R tm package invalid input in 'utf8towcs'

Solution 1:

None of the above answers worked for me. The only way to work around this problem was to remove all non graphical characters (http://stat.ethz.ch/R-manual/R-patched/library/base/html/regex.html).

The code is this simple

usableText=str_replace_all(tweets$text,"[^[:graph:]]", " ") 

Solution 2:

This is from the tm faq:

it will replace non-convertible bytes in yourCorpus with strings showing their hex codes.

I hope this helps, for me it does.

tm_map(yourCorpus, function(x) iconv(enc2utf8(x), sub = "byte"))

http://tm.r-forge.r-project.org/faq.html

Solution 3:

I think it is clear by now that the problem is because of the emojis that tolower is not able to understand

#to remove emojis
dataSet <- iconv(dataSet, 'UTF-8', 'ASCII')

Solution 4:

I have just run afoul of this problem. By chance are you using a machine running OSX? I am and seem to have traced the problem to the definition of the character set that R is compiled against on this operating system (see https://stat.ethz.ch/pipermail/r-sig-mac/2012-July/009374.html)

What I was seeing is that using the solution from the FAQ

tm_map(yourCorpus, function(x) iconv(enc2utf8(x), sub = "byte"))

was giving me this warning:

Warning message:
it is not known that wchar_t is Unicode on this platform 

This I traced to the enc2utf8 function. Bad news is that this is a problem with my underlying OS and not R.

So here is what I did as a work around:

tm_map(yourCorpus, function(x) iconv(x, to='UTF-8-MAC', sub='byte'))

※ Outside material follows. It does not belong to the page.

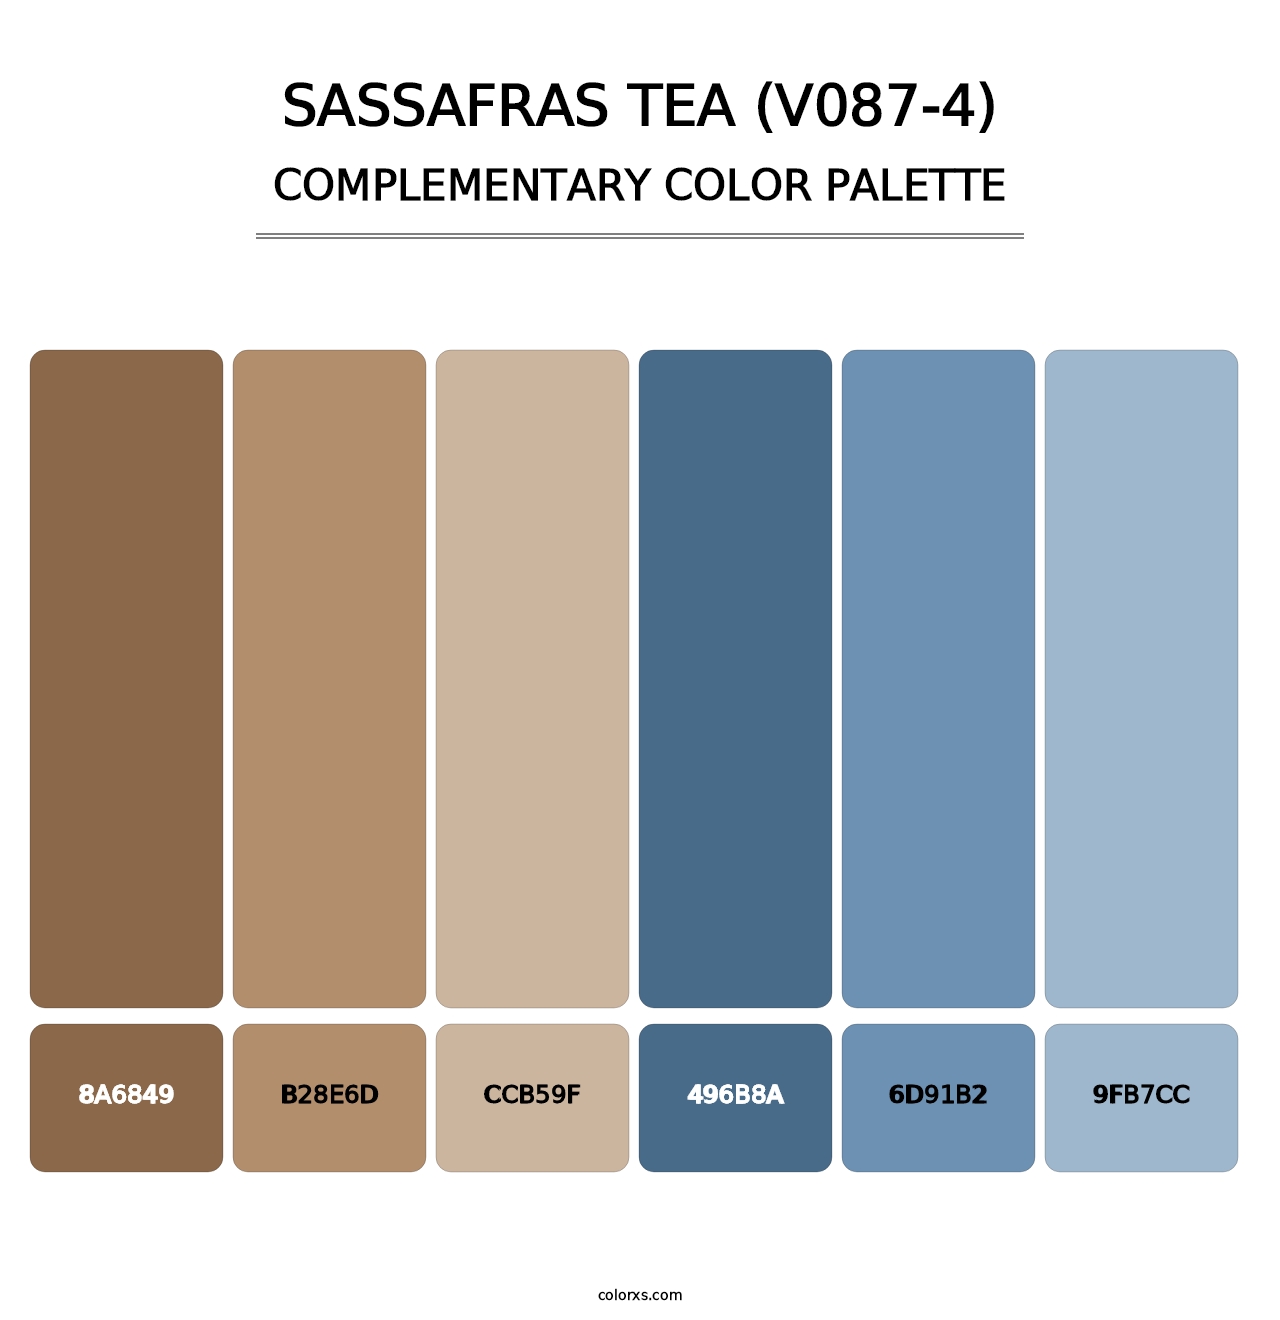 Sassafras Tea (V087-4) - Complementary Color Palette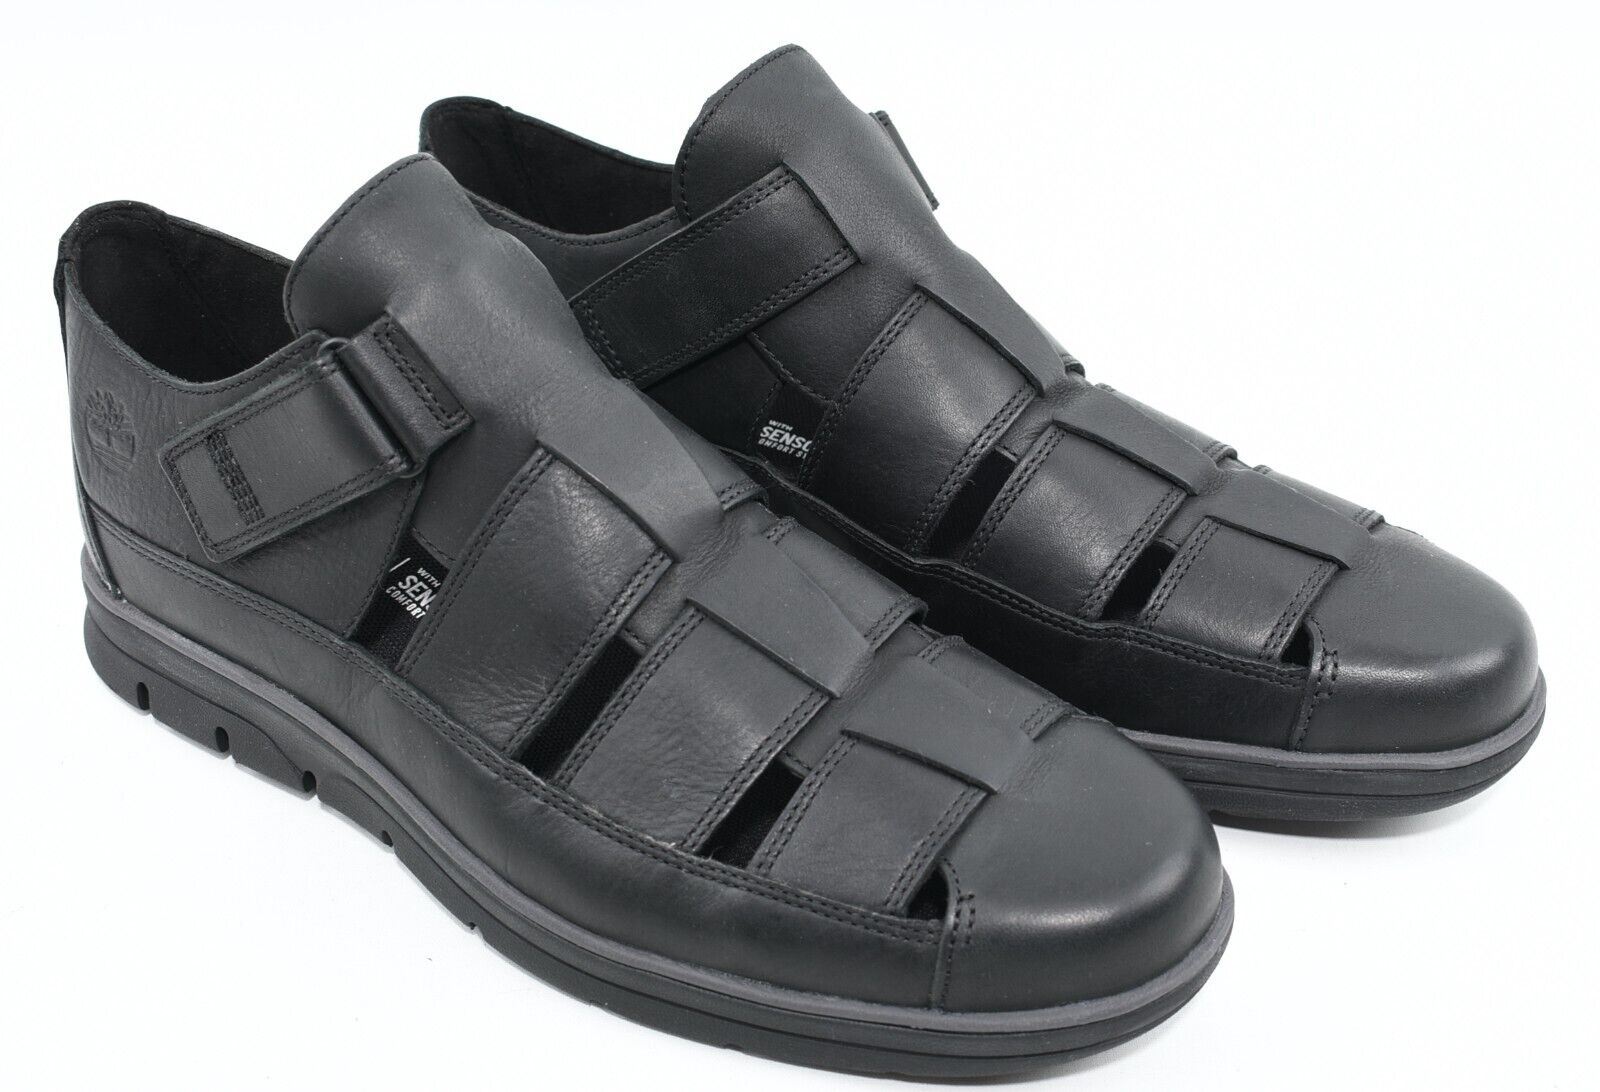 TIMBERLAND Mens BRADSTREET FISHERMAN Leather Sandals, Black, size UK 9 / EU 43.5

This forces iconv to use the utf8 encoding on the macintosh and works fine without the need to recompile.

Solution 5:

I have often run into this issue and this Stack Overflow post is always what comes up first. I have used the top solution before, but it can strip out characters and replace them with garbage (like converting it’s to it’s).

I have found that there is actually a much better solution for this! If you install the stringi package, you can replace tolower() with stri_trans_tolower() and then everything should work fine.